The Michaelis-Menten constant (K_m) and catalytic constant (k_cat) for ABTS and DMP were calculated in substrate-dependent enzymatic assay. The assay solution consisted of 25 mM citrate buffer (pH 4.5 for Acid Blue 324 and pH 4.0 for other dyes), 0.20 mM H₂O₂ and ~200 nM SaDyP and different concentrations of the substrates. The same conditions were measured three times, and the mean and standard deviation are shown. The data were fit to the Michaelis-Menten equation, Haldane equation or Hill equation. Kinetic parameters were calculated using molar absorption coefficients of ε₄₂₀ = 36,000 cm⁻¹M⁻¹ for ABTS, ε₄₇₂ = 49,600 cm⁻¹M⁻¹ for DMP, ε₆₀₈ = 7700 cm⁻¹M⁻¹ for Acid Blue 324.
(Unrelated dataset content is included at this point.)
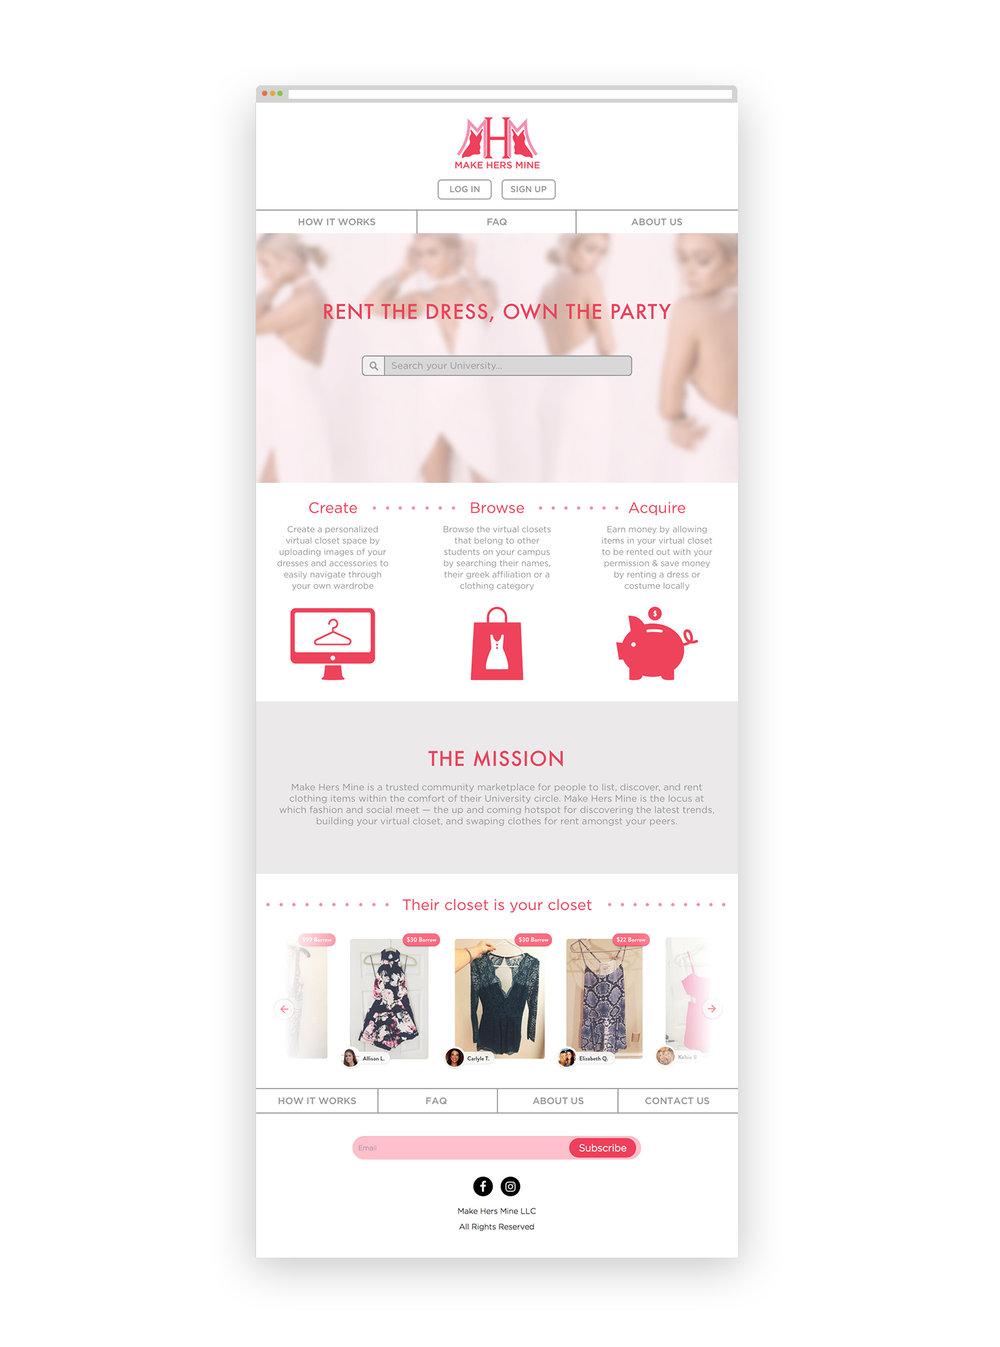 MHM_Homepage.jpg

4.6. Decolorizing Rates for Anthraquinone and Azo Dyes

The ability of SaDyP1 to degrade representative dyes containing anthraquinone or azo chromophores was also examined. The assay solution consisted of 25 mM citrate buffer (pH 4.5 for Acid Blue 324 and pH 4.0 for other dyes), 0.20 mM H₂O₂ and ~200 nM SaDyP, additionally containing 0.20 mM Acid Blue 324 (ε₆₀₈ = 7700 cm⁻¹M⁻¹), 0.10 mM AQ-2 (ε₆₀₀ = 8300 cm⁻¹M⁻¹), 0.10 mM M303 (ε₄₇₆ = 6200 cm⁻¹M⁻¹), 0.02 mM Reactive Black 5 (ε₅₉₈ = 37,000 cm⁻¹M⁻¹) or 0.03 mM Reactive Red 33 (ε₅₀₀ = 23,000 cm⁻¹M⁻¹).
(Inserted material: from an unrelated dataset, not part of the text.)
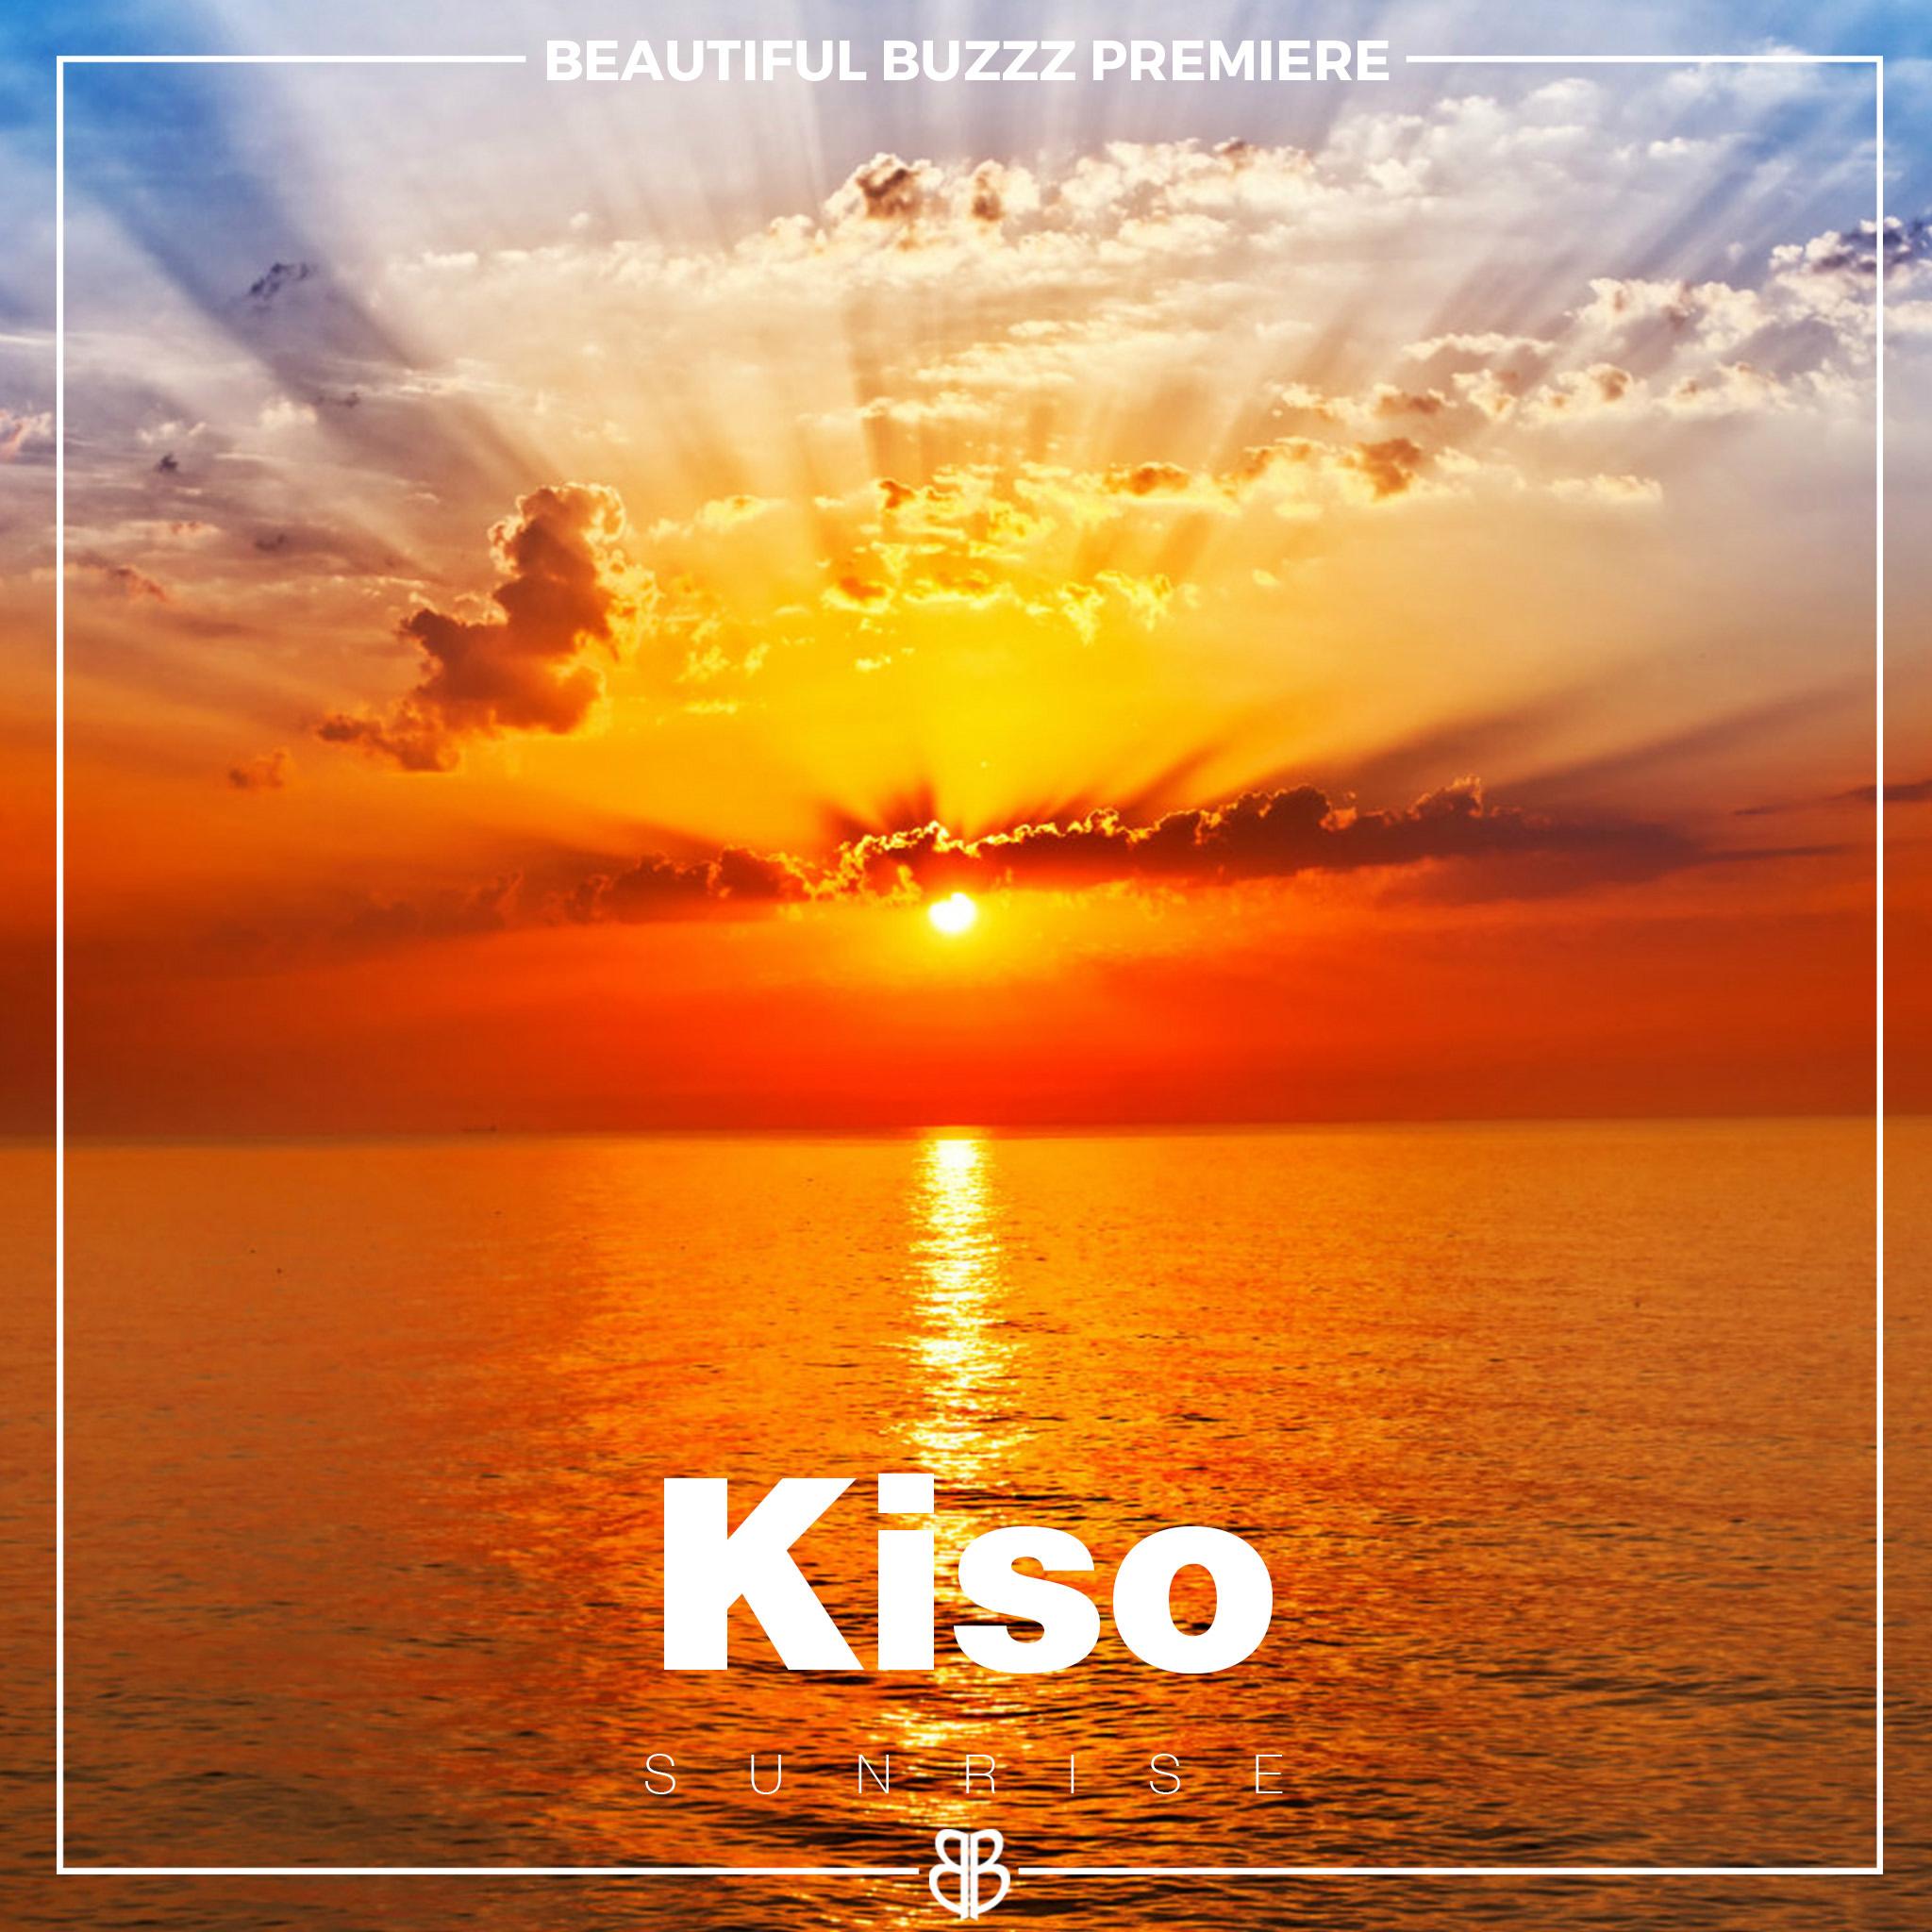 KISO_Cover-Sunrise_Premiere.jpg

4.7. Culture and Fractionation of S. avermitilis

A suspension of S. avermitilis containing 2.0 × 10⁹ spores was inoculated into 200 mL YEME medium without sucrose and incubated for 20 h at 30 °C with shaking at 180 rpm. Mycelia from 30 mL cultures were collected by centrifugation at 7200× g for 30 min. Collected mycelia were disrupted three times at 2.0 × 10⁴ psi using a French press (Otake Seisakusyo) and centrifuged for 30 min at 7200× g to pellet cell debris. The precipitates were suspended in 1 mL of phosphate buffer and solubilized by incubating overnight with an equal volume of 10% SDS. An equal volume of 50% glycerol was added to the supernatant, and the total volume was concentrated ~40-fold by ultrafiltration (Amicon Ultra-15 30 K; Merck Millipore, Burlington, USA). Proteins in the concentrated supernatant were resolved by electrophoresis using 12 µL of supernatant per lane.